WHAT NEEDS TO BE DONE: Output the line that contains "Riverside Luxury At" together with each line after it, through the final line of the listing below, word for word; omit pictures.

DATA SEGMENT:
______

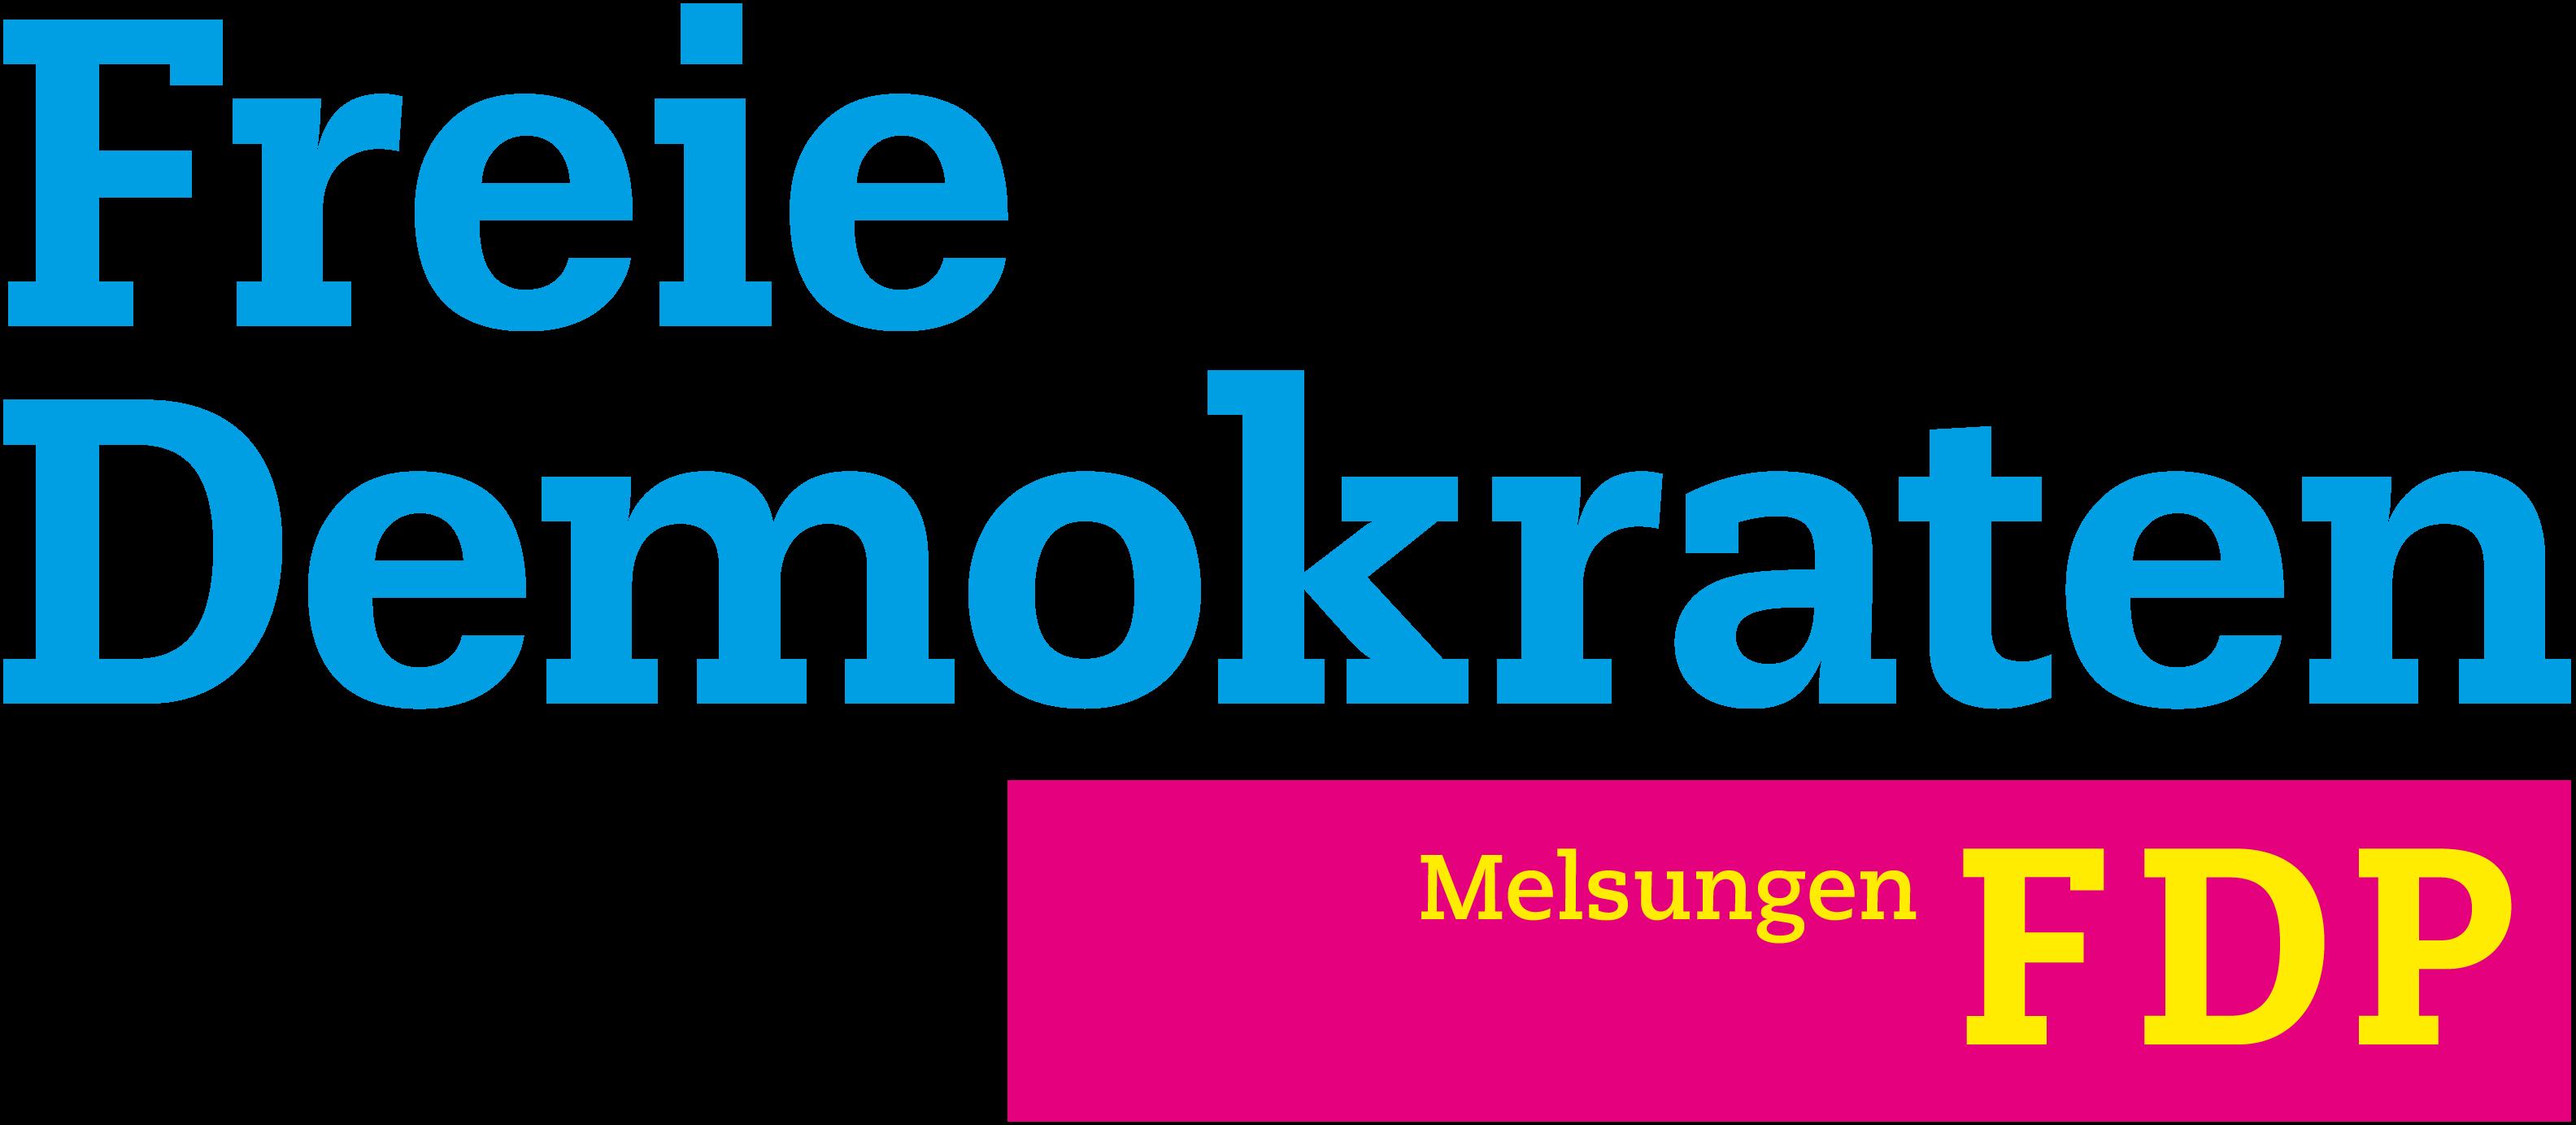 FDP Melsungen
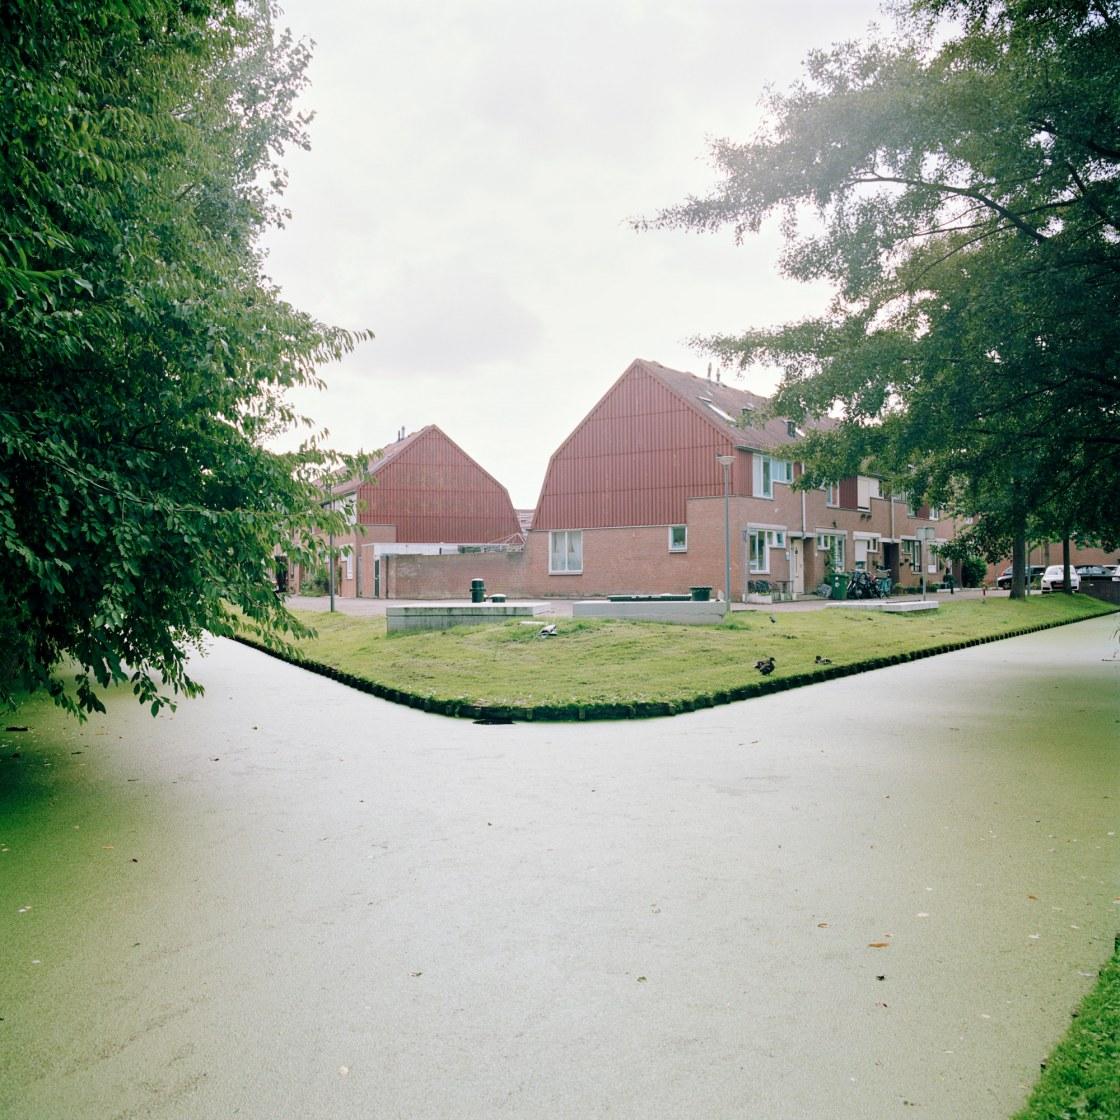 VERS_BETON_ZUZANA_06_WEB_Willem de Kam
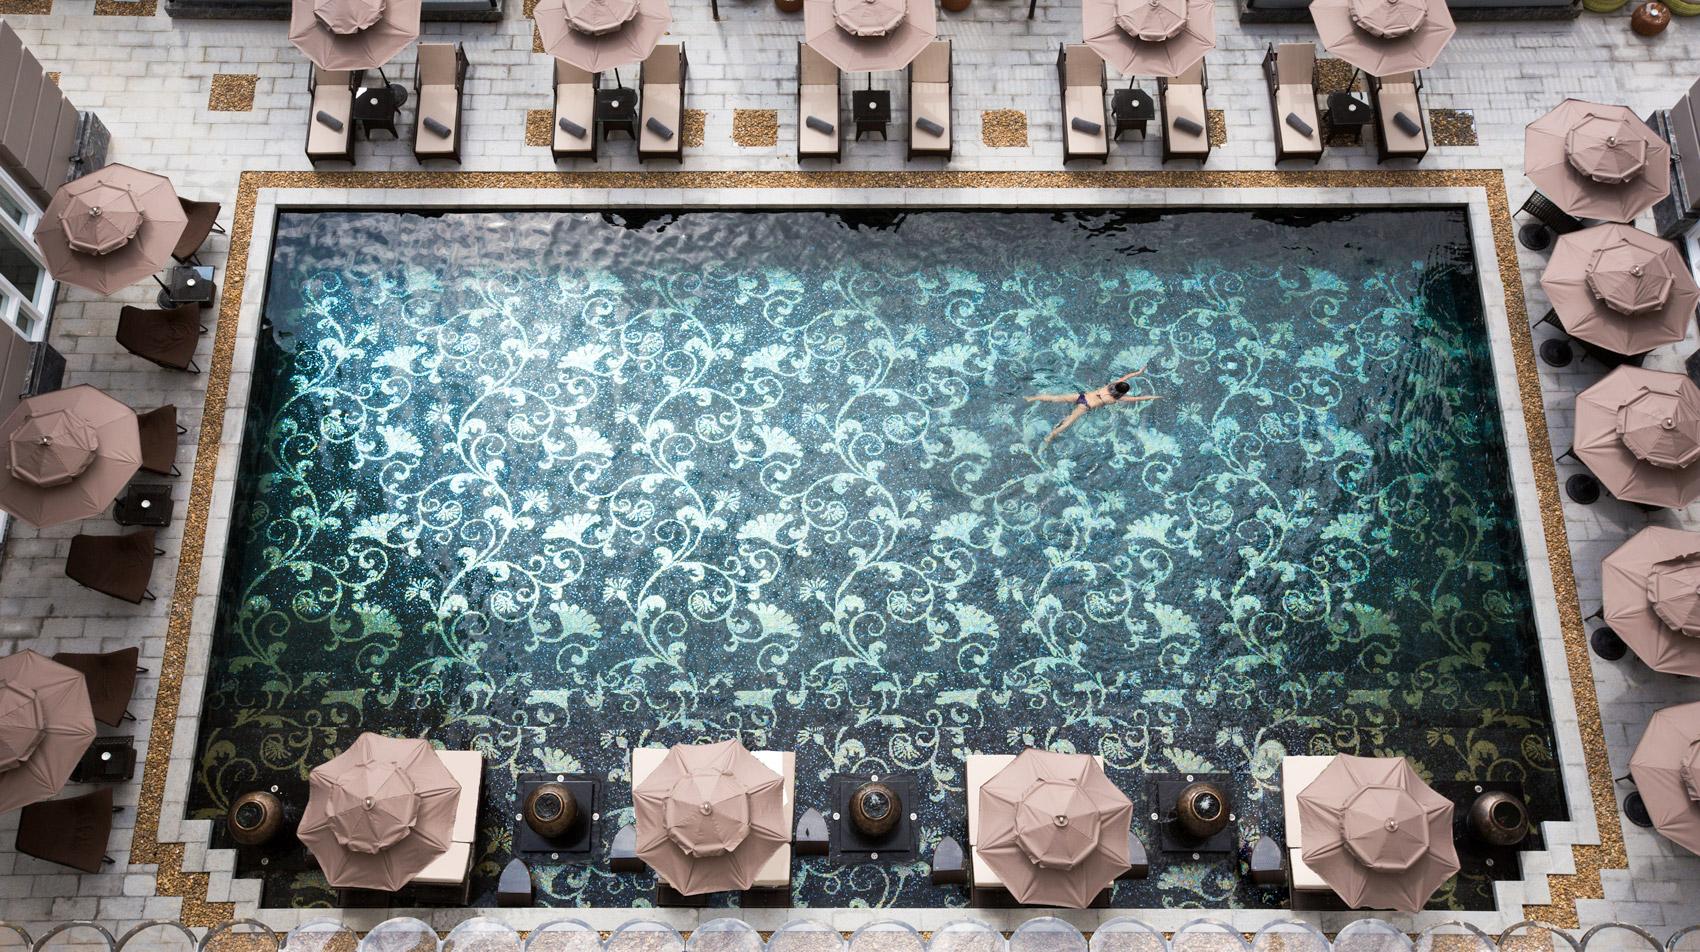 Riverside Luxury At Hotel Royal Hoi An, Vietnam 5
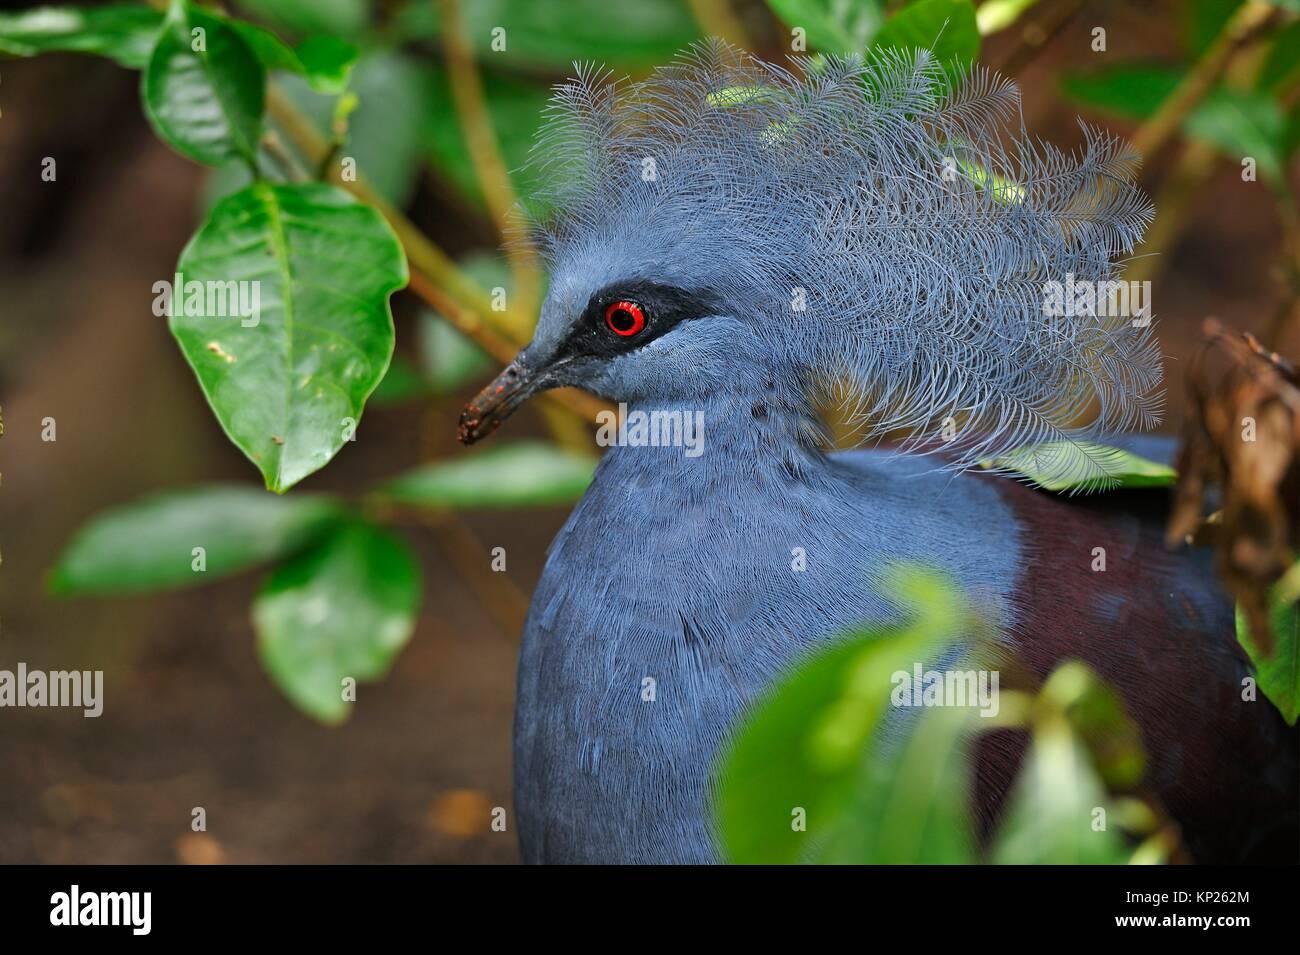 Victoria crowned pigeon (Goura victoria), Rainforest Pyramid, Moody Gardens, Galveston island, Gulf of Mexico, Texas, - Stock Image

______

EXERCISE RESULT:
 Riverside Luxury At Hotel Royal Hoi An, Vietnam 5
 Victoria crowned pigeon (Goura victoria), Rainforest Pyramid, Moody Gardens, Galveston island, Gulf of Mexico, Texas, - Stock Image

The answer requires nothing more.